The mechanism behind this phenomenon was tested by Schrater and Simoncelli (1998):
Adaptation to a moving visual pattern induces shifts in the perceived motion of subsequently viewed moving patterns. Explanations of such effects are typically based on adaptation-induced sensitivity changes in spatio-temporal frequency tuned mechanisms (STFMs). An alternative hypothesis is that adaptation occurs in mechanisms that independently encode direction and speed (DSMs). Yet a third possibility is that adaptation occurrs in mechanisms that encode 2D pattern velocity (VMs). We performed a series of psychophysical experiments to examine predictions made by each of the three hypotheses. The results indicate that: (1) adaptation-induced shifts are relatively independent of spatial pattern of both adapting and test stimuli; (2) the shift in perceived direction of motion of a plaid stimulus after adaptation to a grating indicates a shift in the motion of the plaid pattern, and not a shift in the motion of the plaid components; and (3) the 2D pattern of shift in perceived velocity radiates away from the adaptation velocity, and is inseparable in speed and direction of motion. Taken together, these results are most consistent with the VM adaptation hypothesis.
@ChuckSherrington is correct except for a few very minor errors/simplifications.

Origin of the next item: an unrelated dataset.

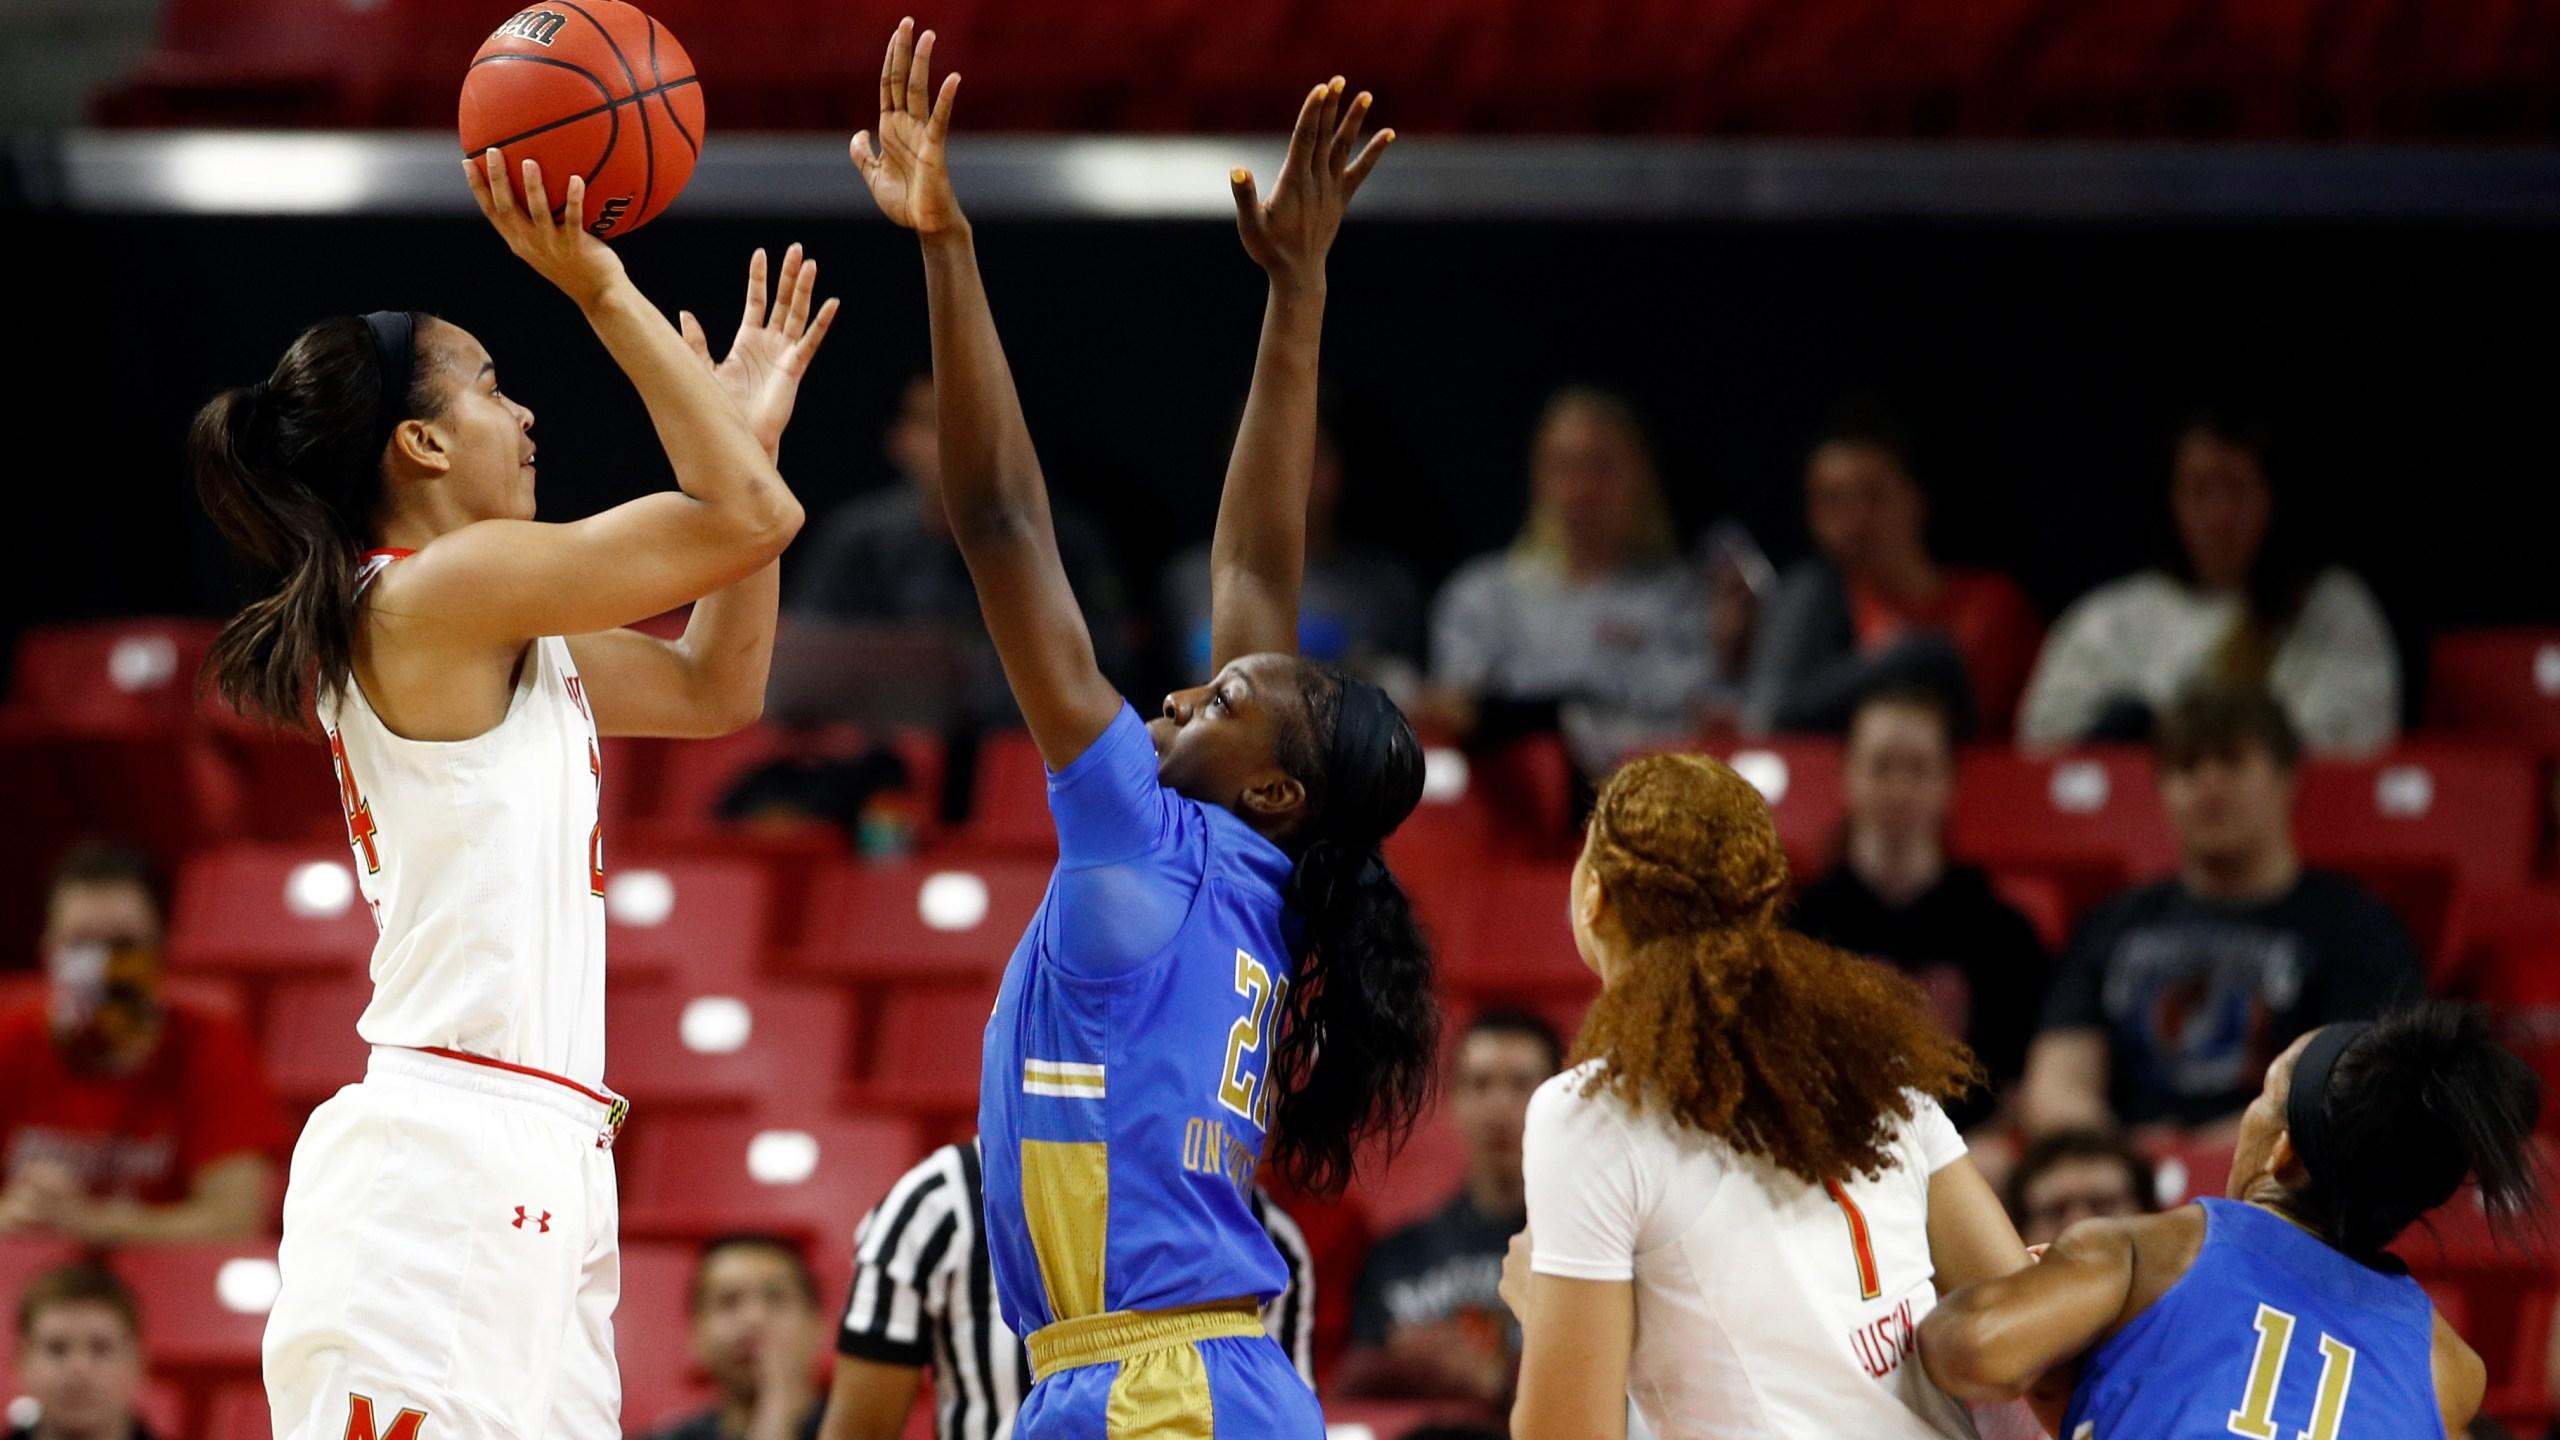 NCAA_UCLA_Maryland_Basketball_78737-159532.jpg81678007

First, the three semicircular canals that form the Vestibular (or balance) System are located in a safe little pocket of bone called the inner ear. The three canals are oriented at (basically) 90° angles to each other so that we can maintain our balance no matter which position our head is in (e.g. hanging from monkey bars upside down does not make young people dizzy, nor does it change their sensation of gravity.*) Finally, and crucially, they are linked with our ocular system through a neuronal connection called the vestibolo-occular reflex (VOR). Because the connections are excitatory, increased firing from a canal afferent leads to contralateral movement of the eyes (which is how spinning ice skaters can keep track of / focus on where they are visually). I will not elaborate on the role of the vestibulocollic reflex (VCR) in the stabilization of visual acuity for brevity's sake. Normally all this occurs without notice.
The latency of action of the rotational vestibuloocular reflex (r-VOR) is 7-15 milliseconds, which is the time required for the eyes to respond in an equal, but opposite, manner to the motion of the head. This time is remarkably fast compared with the latency for visually mediated eye movements, which is longer than 75 milliseconds.
What happens is that with spinning (say, in one plane), the cilia of the hair cells (see @Chuck Sherrington's diagram) are displaced, and remain displaced as long as one is spinning with the same velocity and direction. Once the spinning suddenly stops, the cilia proceed to move to their default position, tricking the VOC into moving the eyes in the opposite direction repeatedly until the cilia come to a complete stop. You can observe this phenomenon by looking into the person's eyes immediately after they stop spinning (make sure they are safe from falling.) Once things settle down in the inner ear, the vertigo (perception of spinning) stops shortly thereafter as well.
The perception described by @what is different altogether.
 Anatomy and Physiology of the Vestibular System Gizzi, et. al.
 Vestibuloocular Reflex Testing - Amin, et. al.
 Baloh and Honrubia's Clinical Neurophysiology of the Vestibular System By Robert William Baloh, Kevin Kerber, MD
*I say young people because some decreased sensitivity to semicircular canal fluid movement occurs as we age, and elderly people may, indeed, become dizzy with drastic changes in position. This decreased sensitivity is often a contributing factor to falls in the elderly.